Questo studio suggerisce che le esperienze sono trasferite in qualche modo dal cervello al genoma, permettendo loro di essere trasmesse alle future generazioni. Consente, inoltre, di apprezzare come le esperienze dei genitori, anche prima di generare prole, influenzino in maniera marcata sia la struttura che le funzioni del sistema nervoso di diverse generazioni di individui.

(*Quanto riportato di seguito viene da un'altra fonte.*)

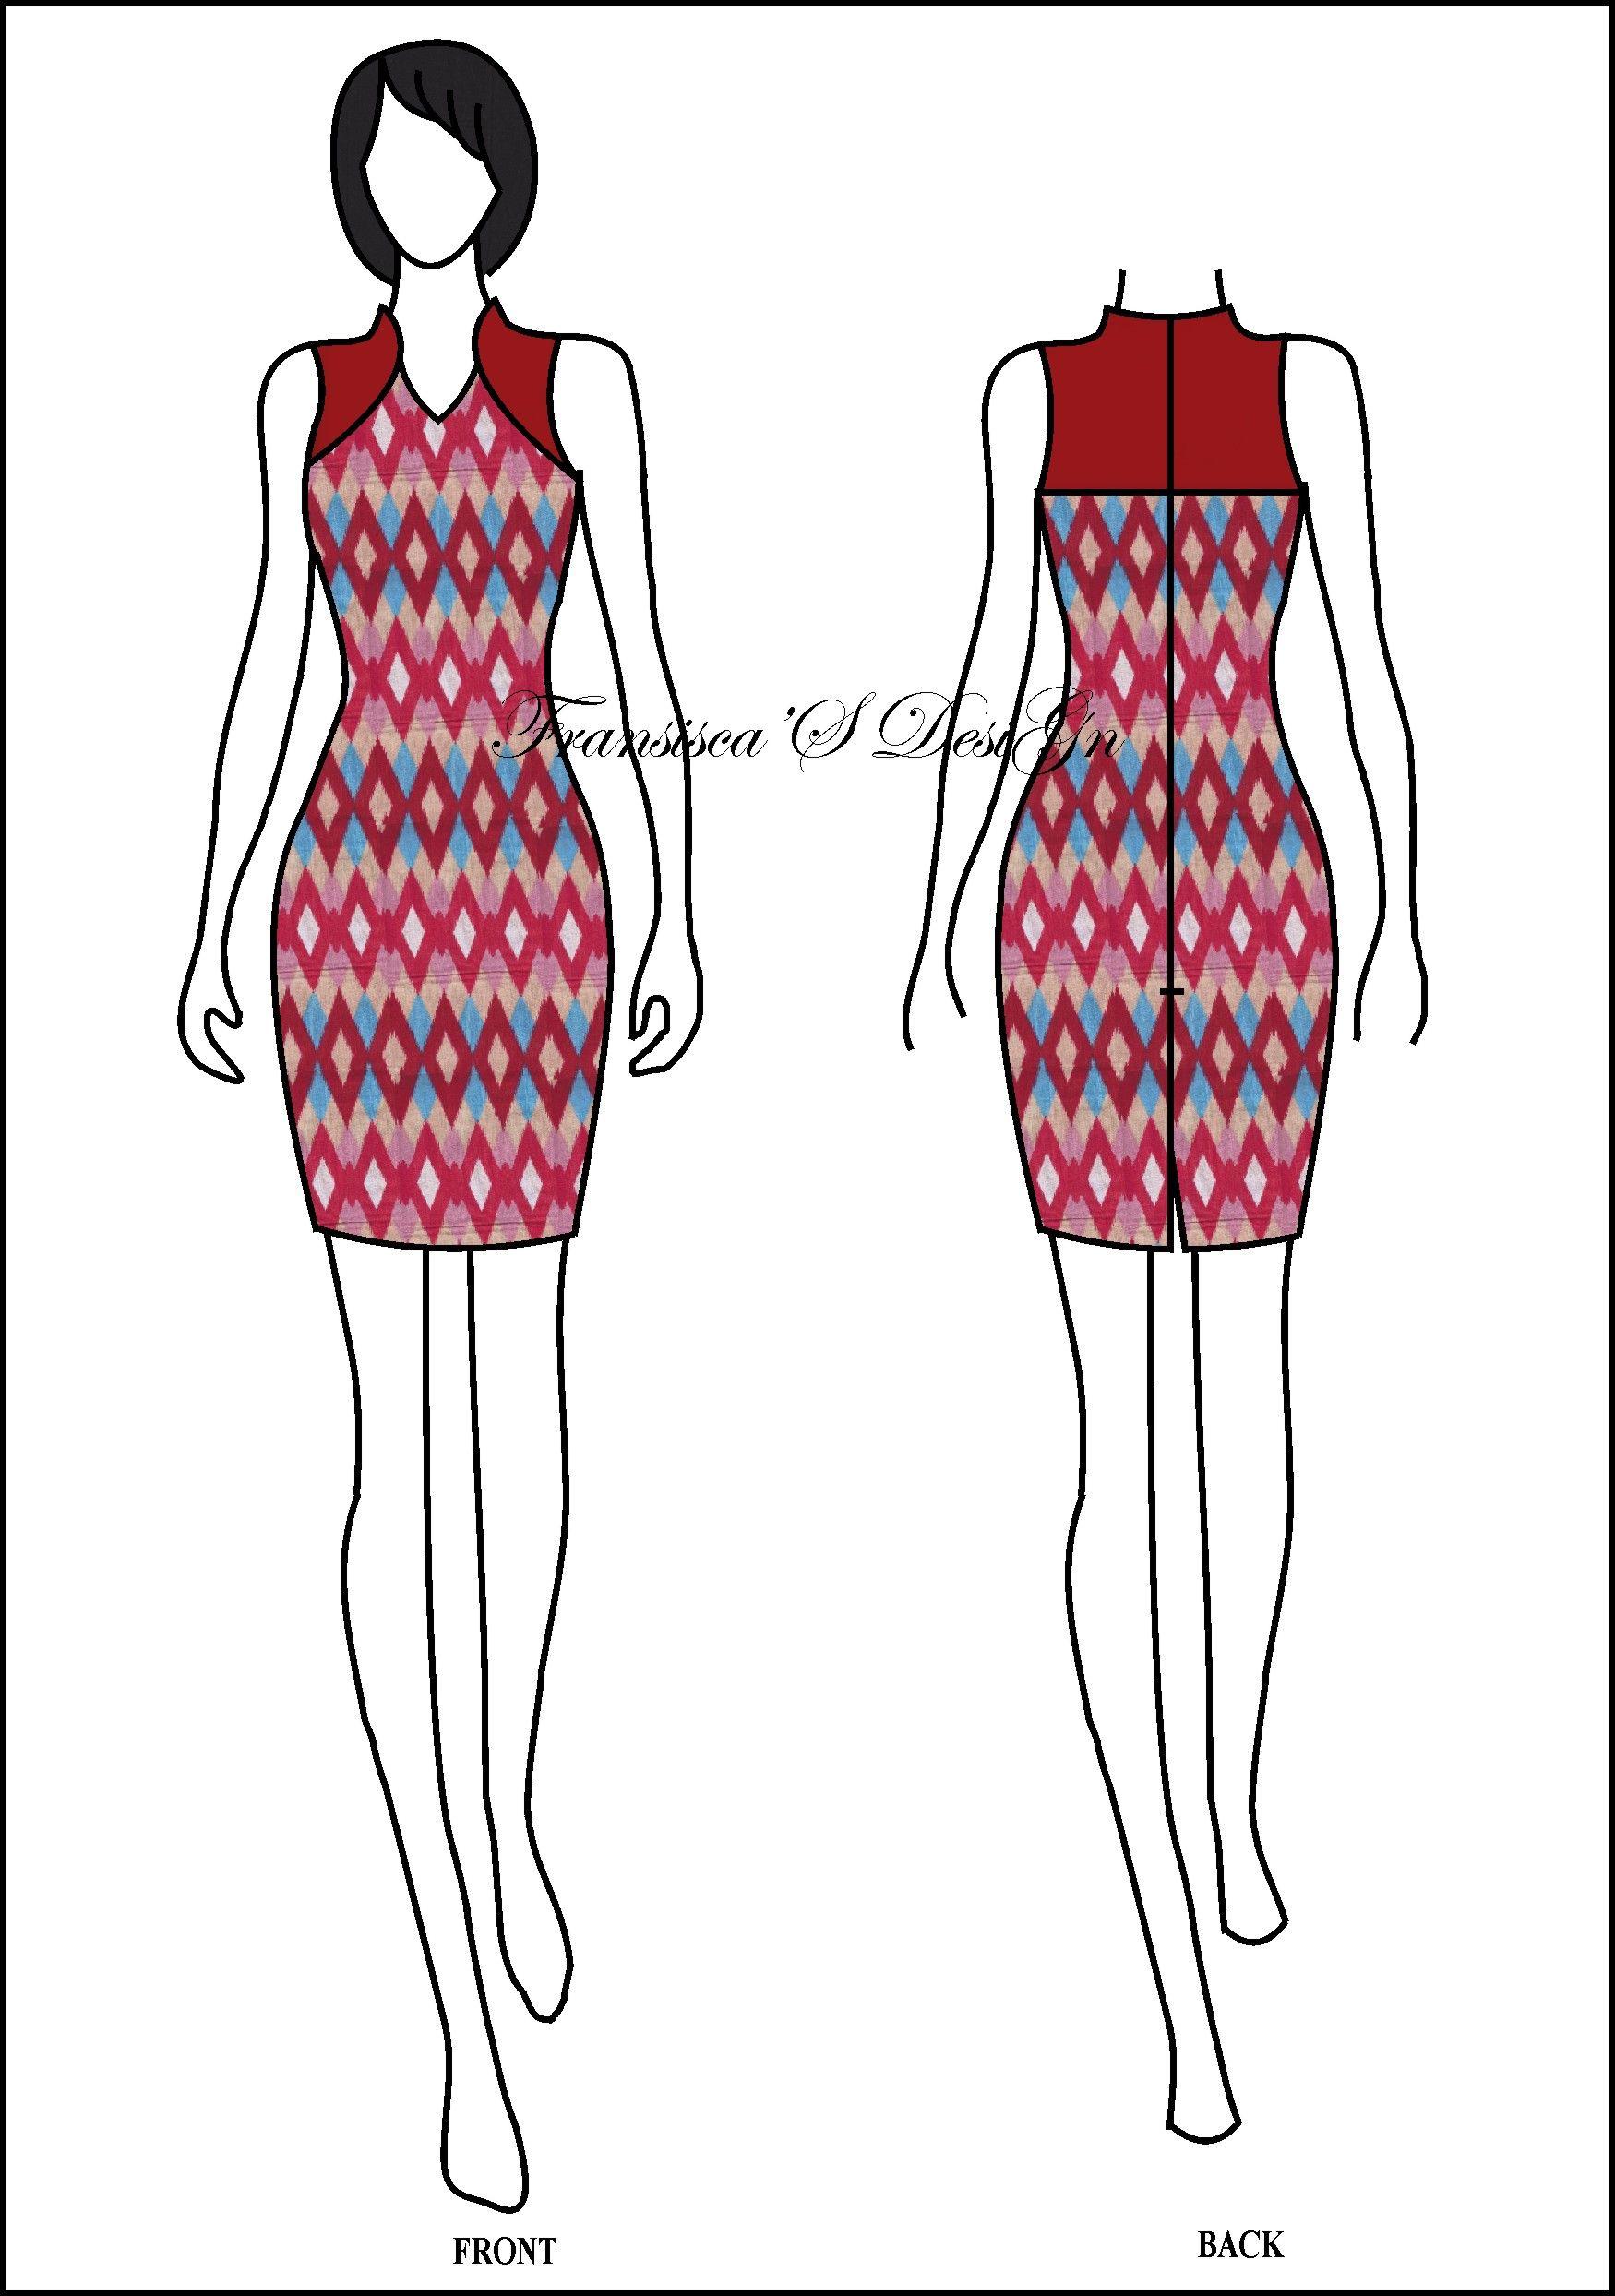 Dress Span Shanghai Cheongsam Fashiondesigner Butik Onlineshop

Chiaramente ancora molto dev’essere studiato prima che ciò diventi un’evidenza scientifica: manca la dimostrazione anche negli esseri umani e devono essere rintracciati i meccanismi molecolari responsabili della trasmissione, ma lo studio è sicuramente molto interessante e i suoi contenuti da approfondire.

Ancora non riesce a rispondere, però, ad alcune domande fondamentali: perché figli degli stessi genitori hanno paure differenti? Queste paure sono in qualche modo reversibili? Succede solo con gli odori o con altre modalità sensoriali? Per queste domande, forse, è ancora necessaria la psicoterapia per comprendere il punto di vista personale sul significato delle fobie.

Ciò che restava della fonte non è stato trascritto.